*Raw data*:
□ □ □ □ □ □ □

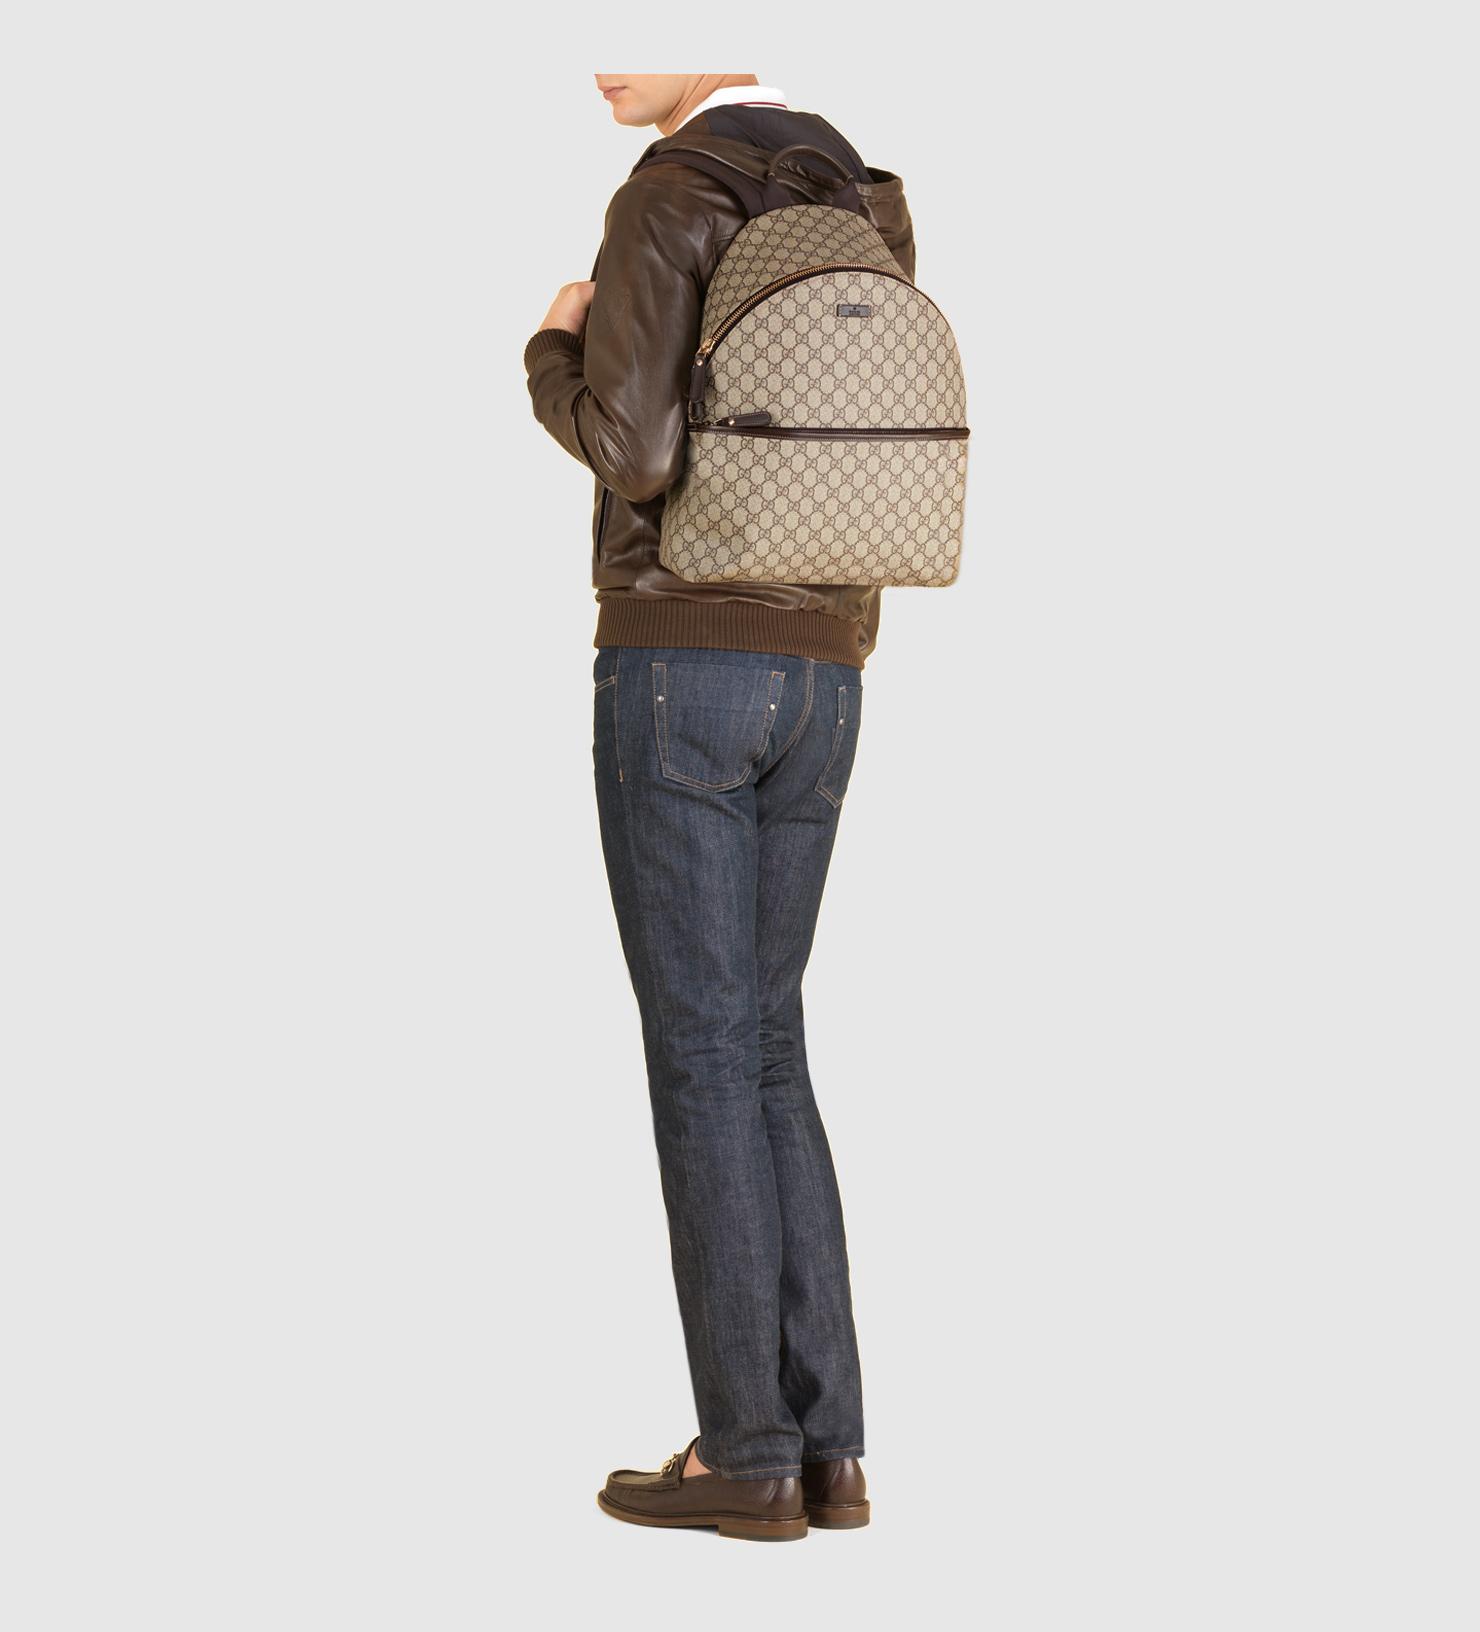 7da5fac0ebb4bb Gucci Gg Supreme Canvas Zip Backpack in Gray for Men - Lyst
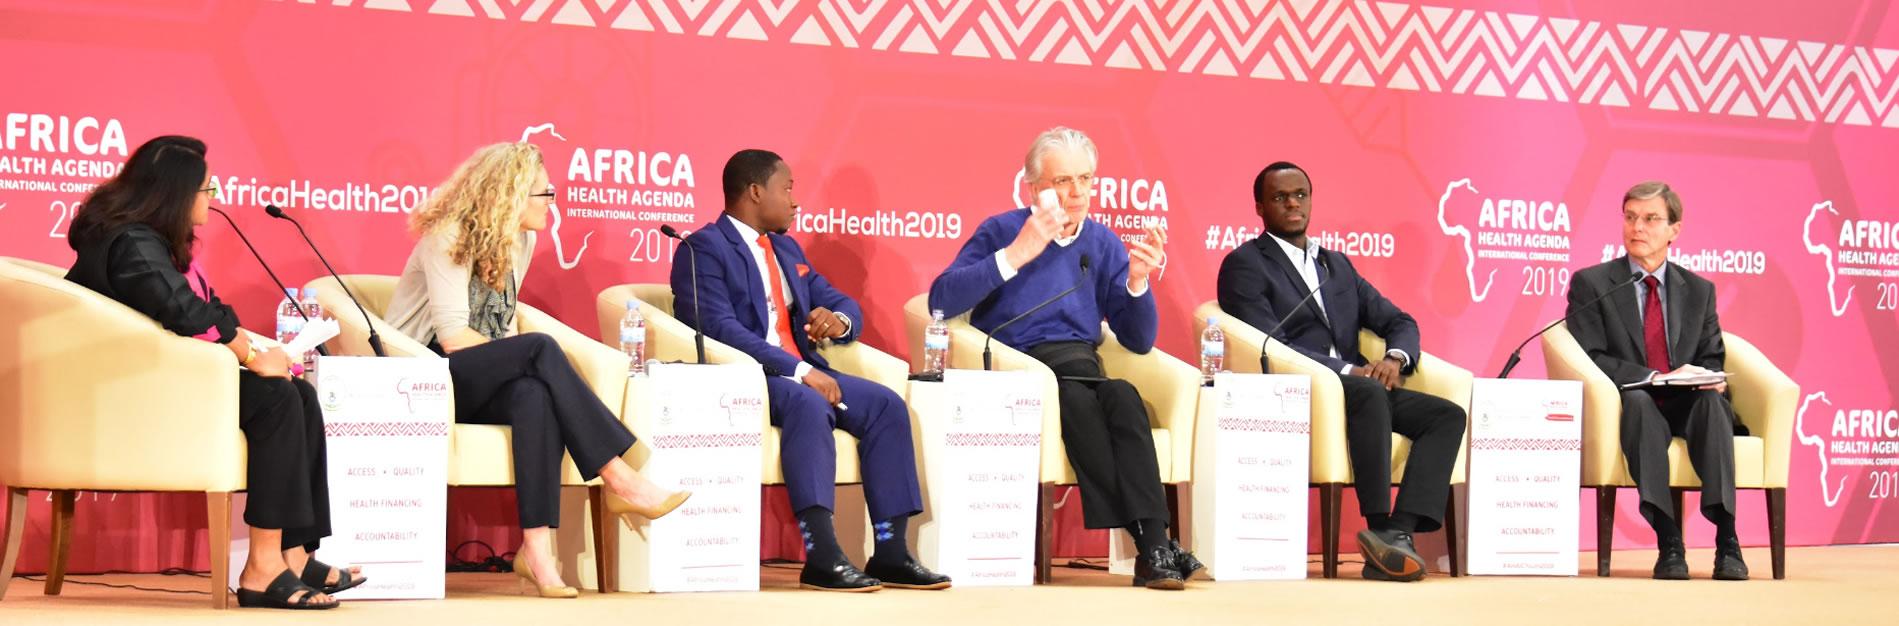 Africa Health 2019 Conference in Kigali, Rwanda
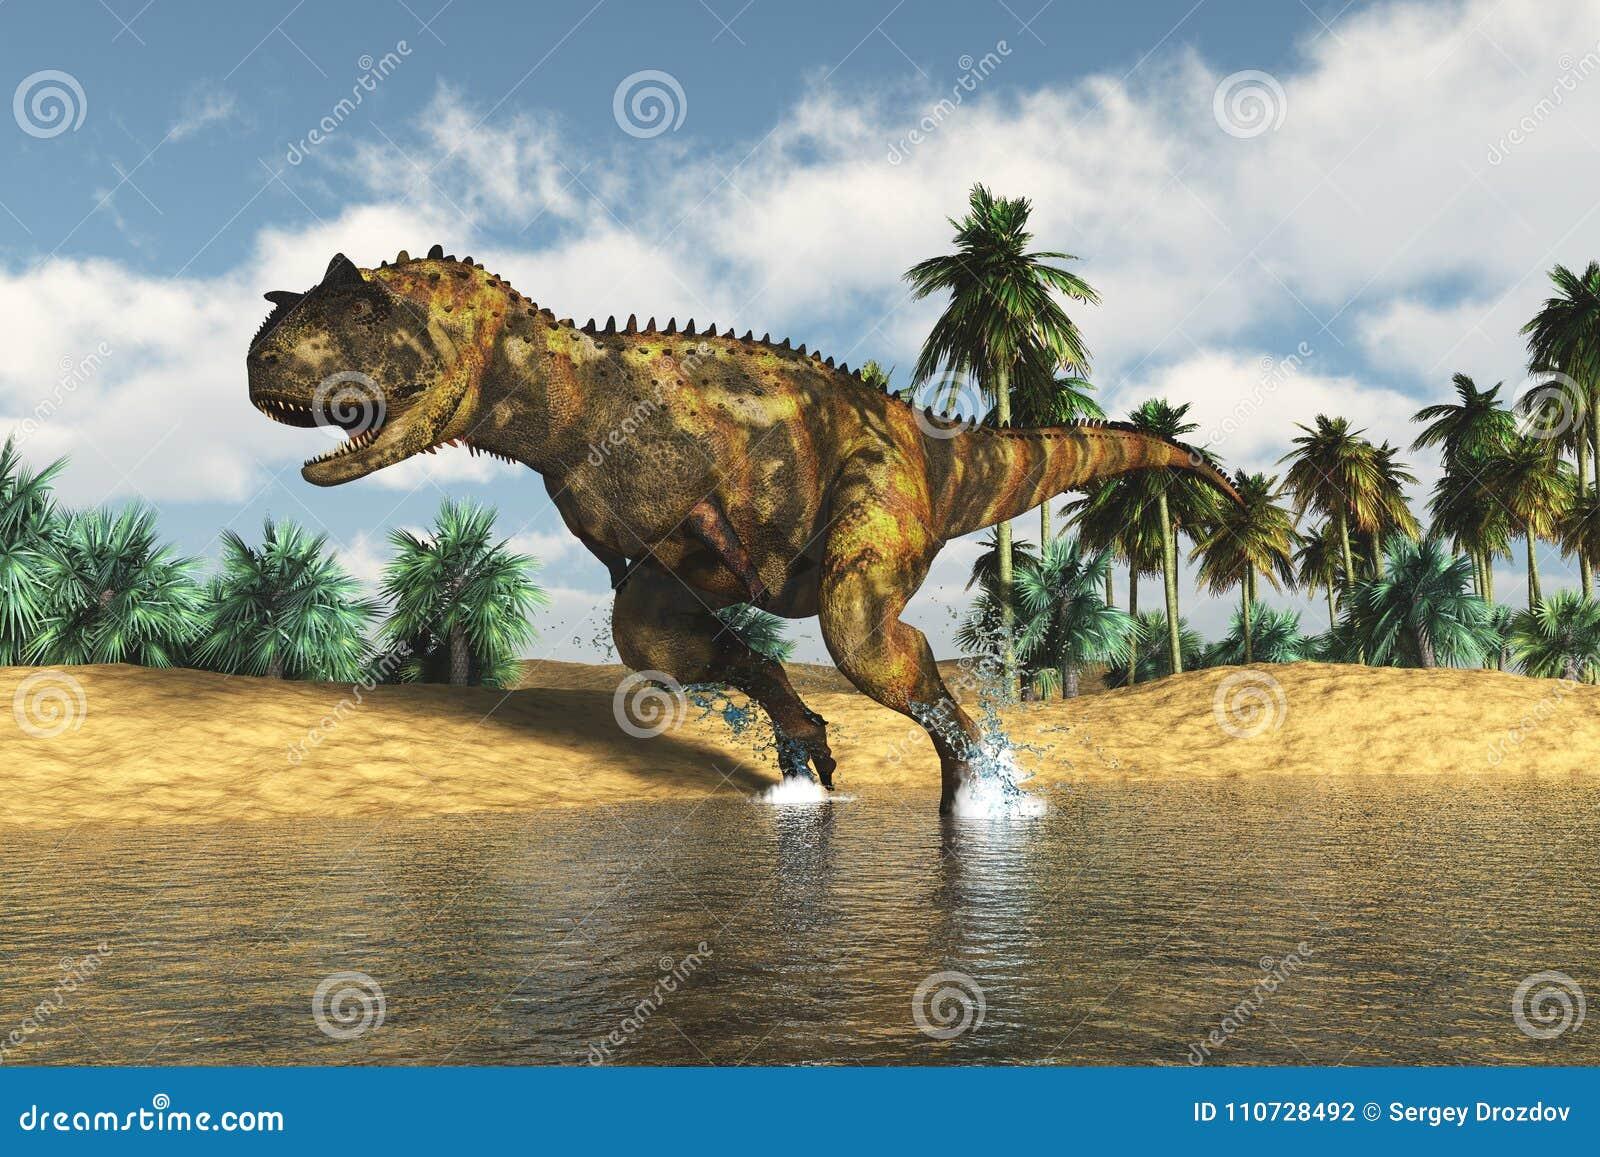 Roofzuchtige dinosaurus

□ □ □ □ □ □ □

*Required action*:
Set the material down exactly, images excluded.

*Solution to this problem*:
 7da5fac0ebb4bb Gucci Gg Supreme Canvas Zip Backpack in Gray for Men - Lyst
 Africa Health 2019 Conference in Kigali, Rwanda
 Roofzuchtige dinosaurus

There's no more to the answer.